HOW TO COMPLETE THIS TASK = Copy out all of the data word for word. Omit every picture.
:: THE DATA ::
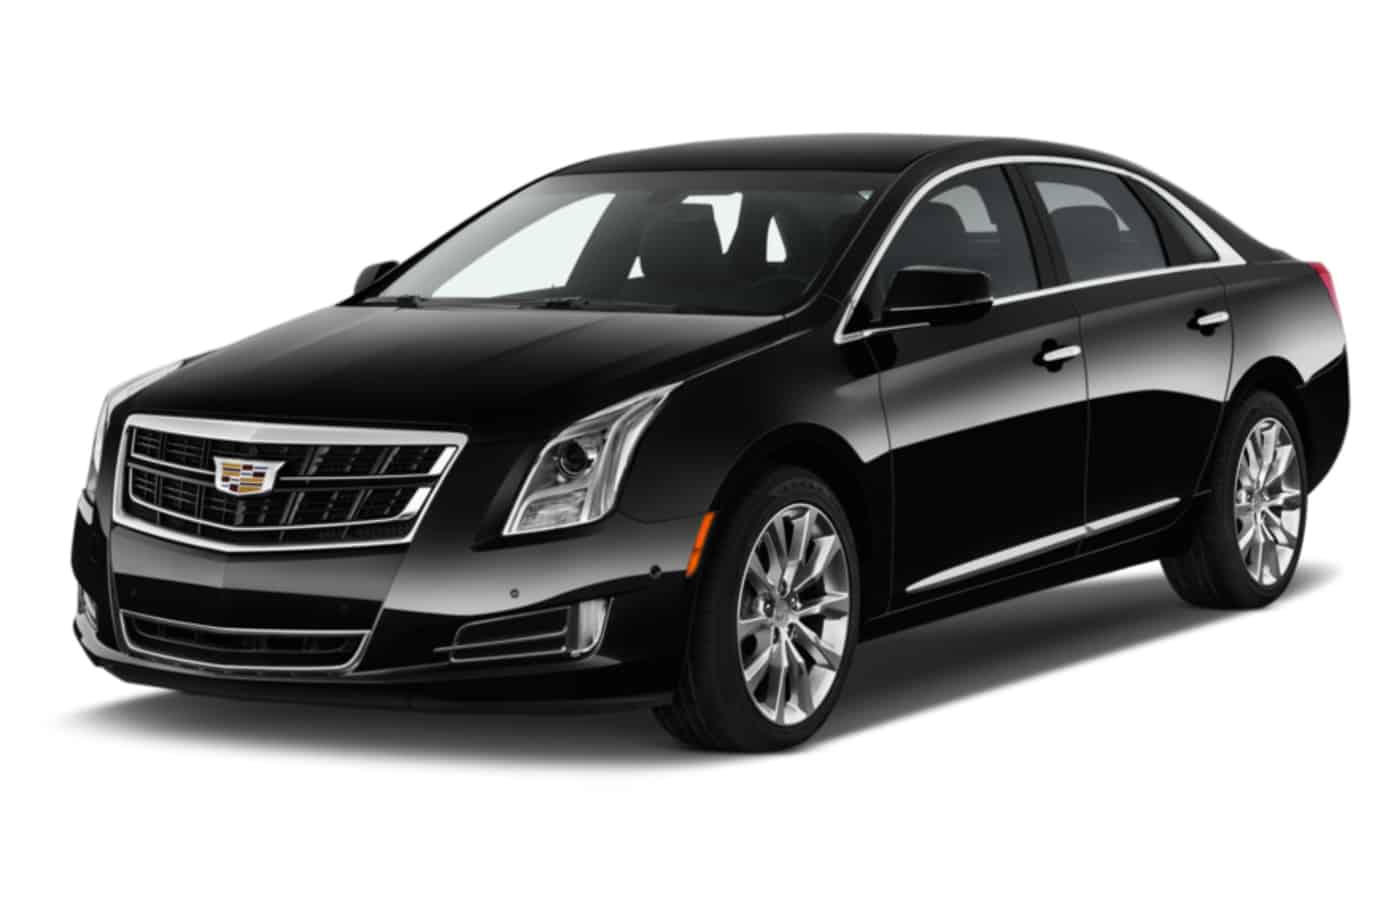 Cadillac XTS - Tangier transportation
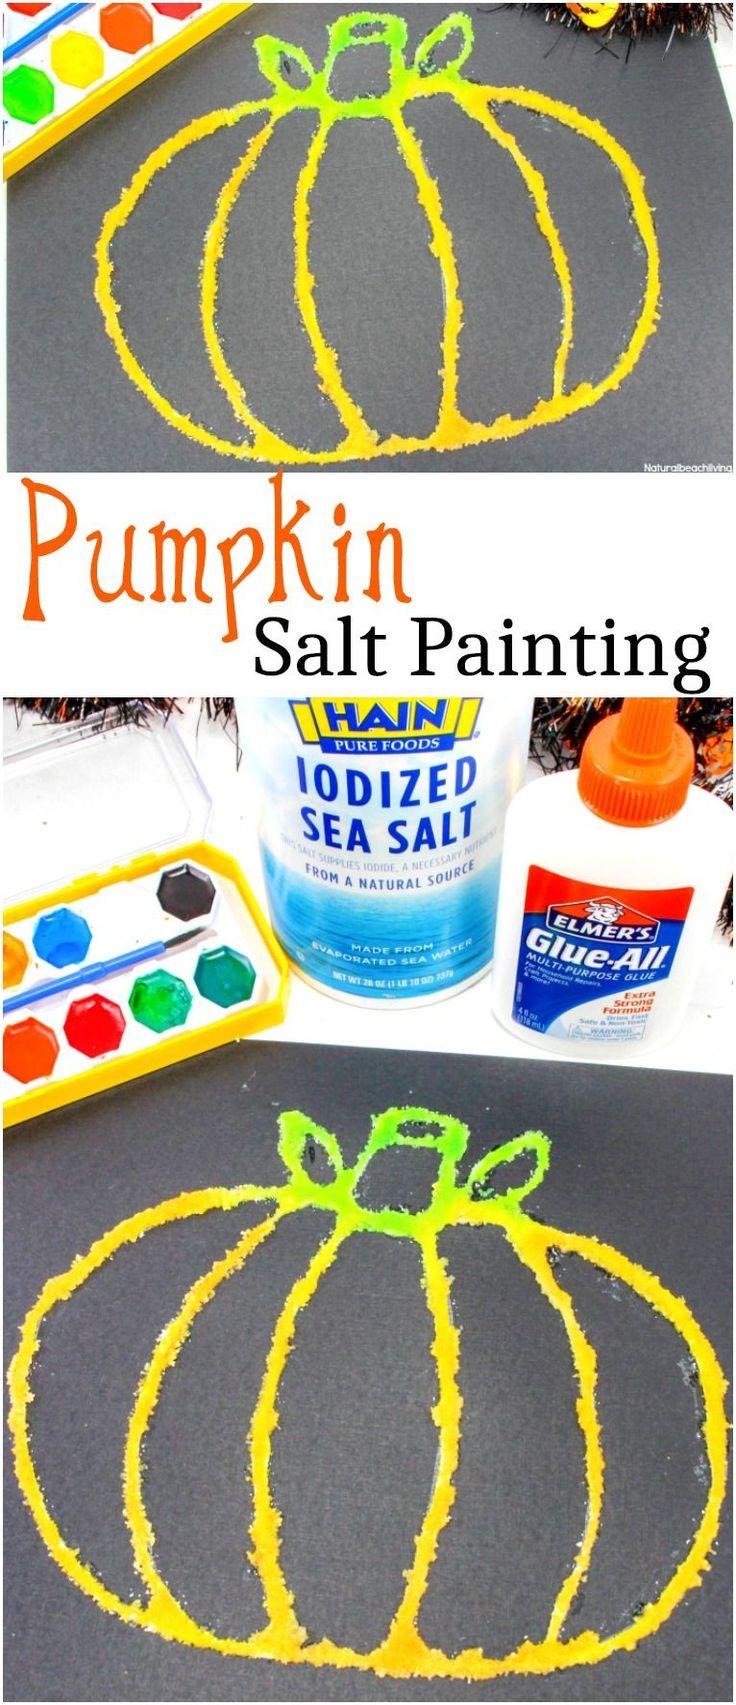 How to Make The Best Halloween Pumpkin Salt Painting, Pumpkin Salt Painting for Preschoolers, Pumpkin Preschool Theme, Fun Fall Pumpkin craft kids love, Kids art and crafts, #pumpkincrafts #Halloween
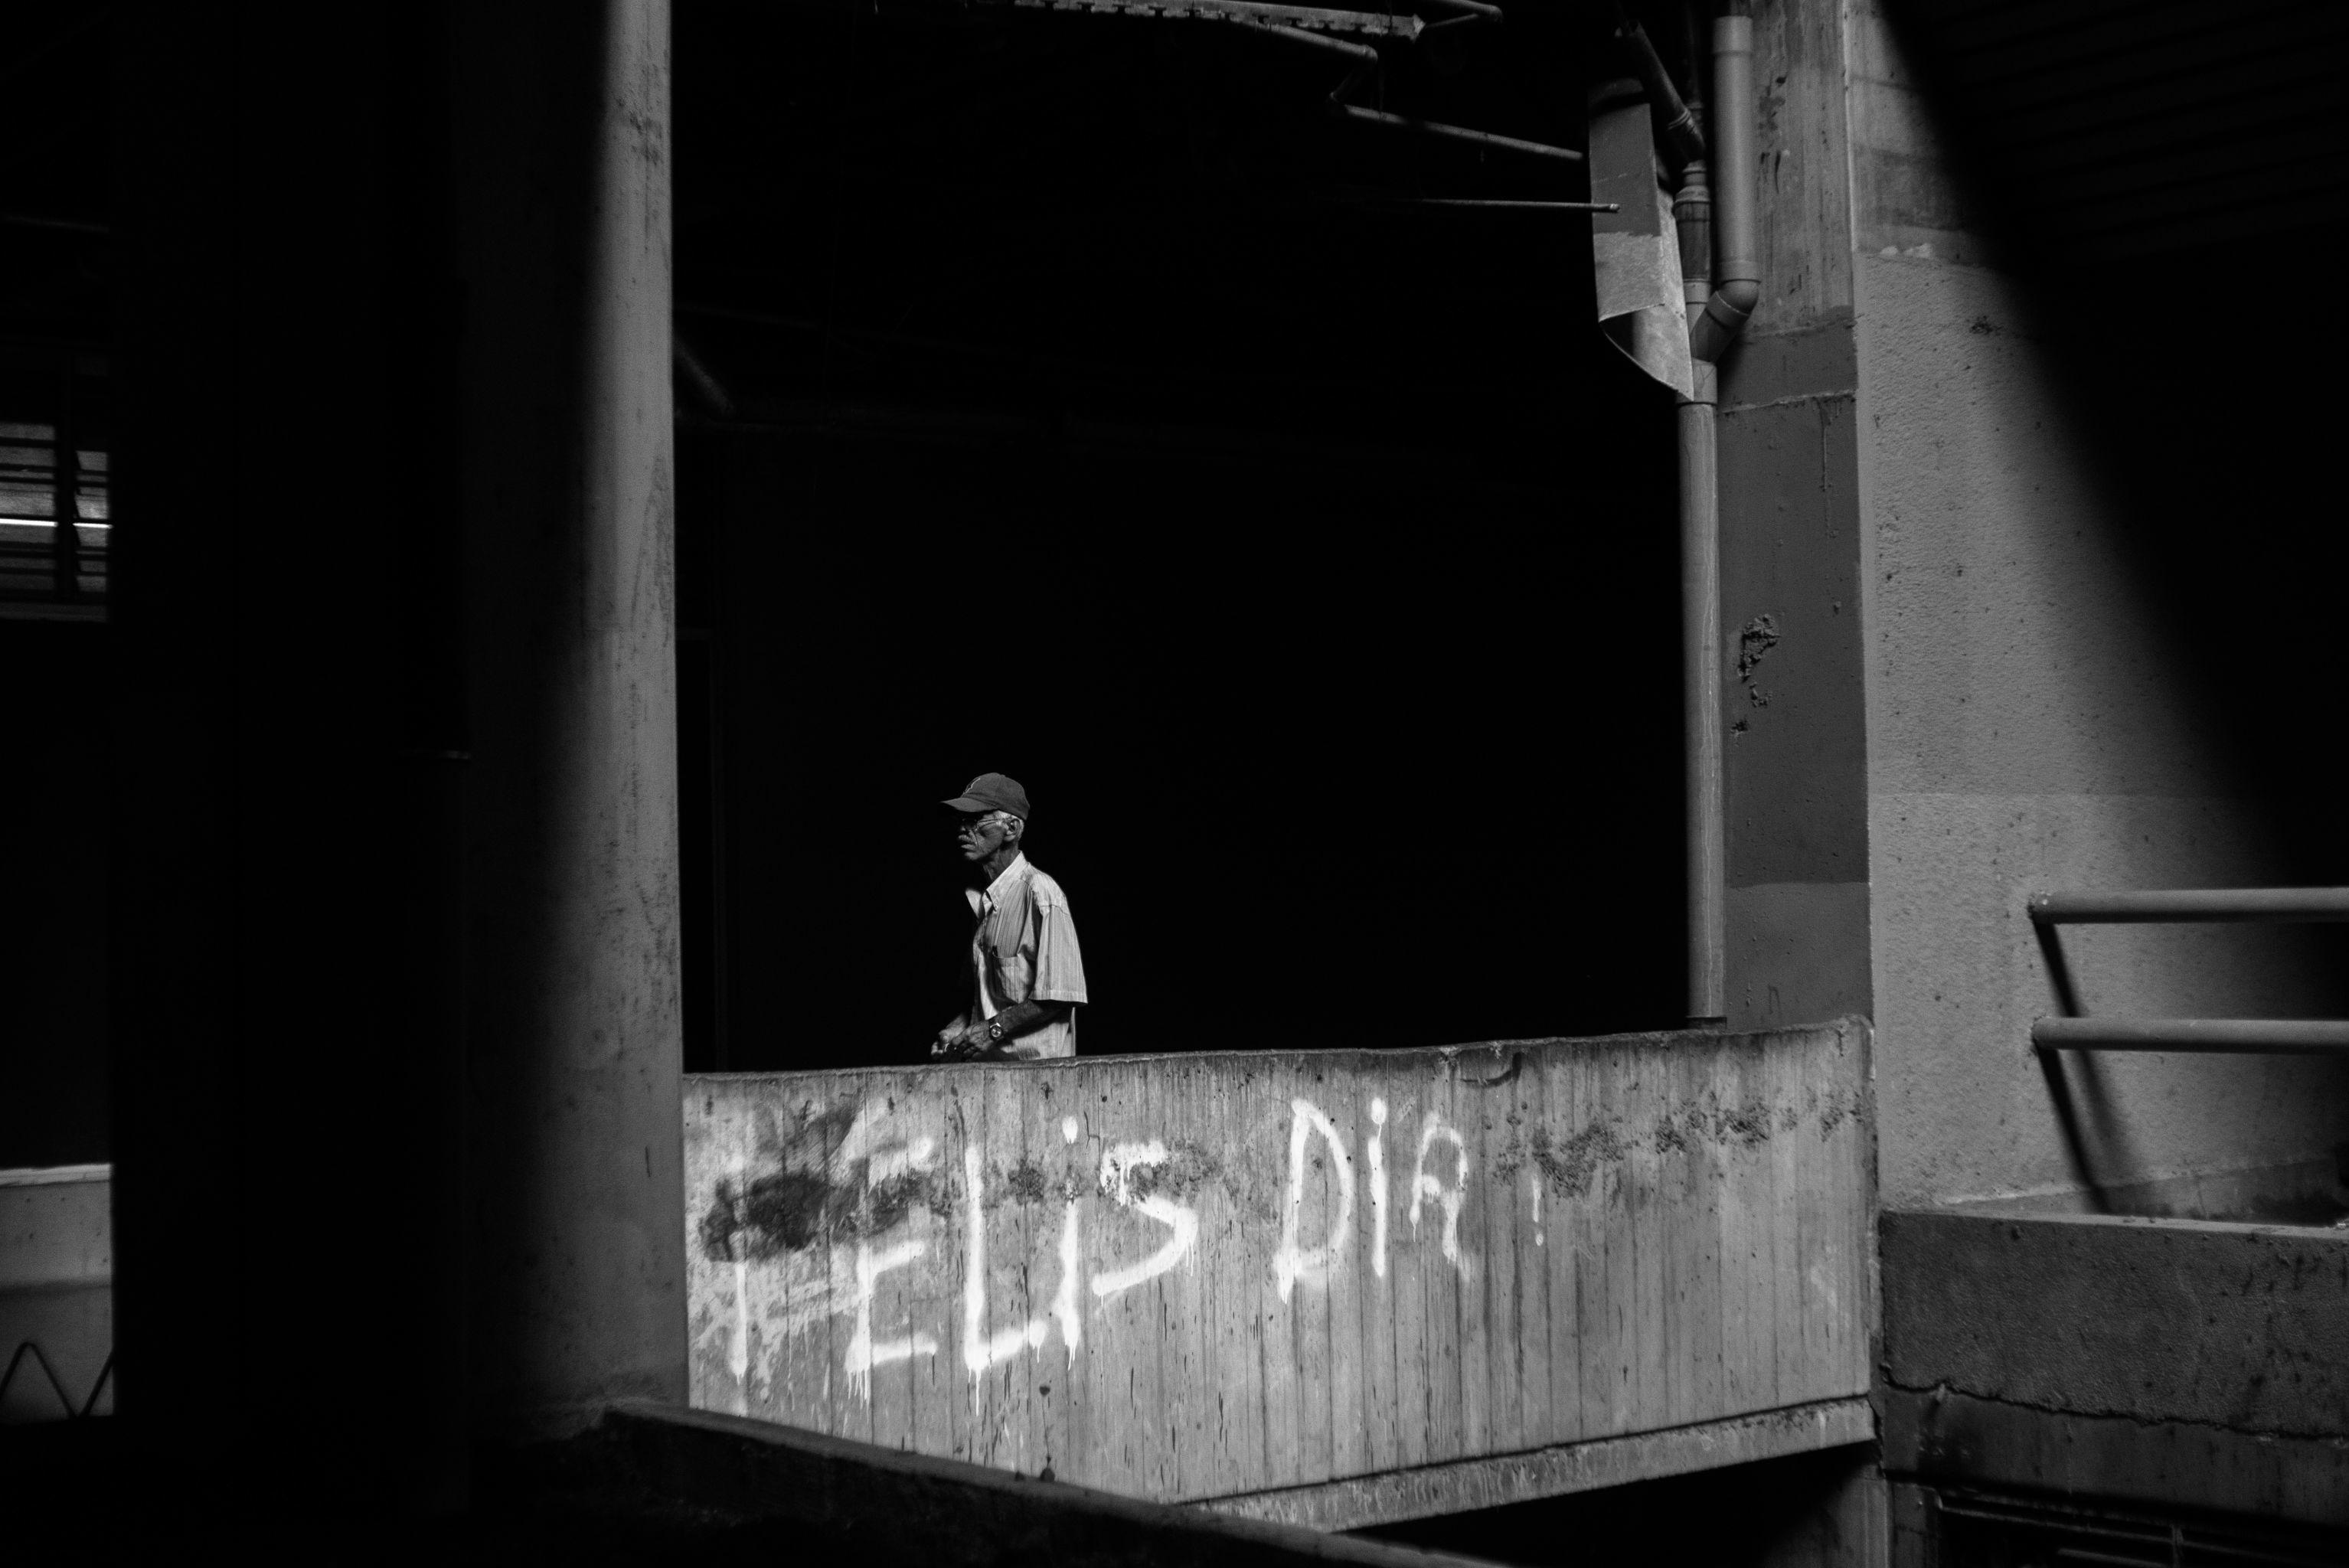 Fotografía de Caracas - tomada por Marcelo Volpe del colectivo Callejera Criolla (CACRI)
:::
YOUR RESPONSE =
 Cadillac XTS - Tangier transportation
 How to Make The Best Halloween Pumpkin Salt Painting, Pumpkin Salt Painting for Preschoolers, Pumpkin Preschool Theme, Fun Fall Pumpkin craft kids love, Kids art and crafts, #pumpkincrafts #Halloween
 Fotografía de Caracas - tomada por Marcelo Volpe del colectivo Callejera Criolla (CACRI)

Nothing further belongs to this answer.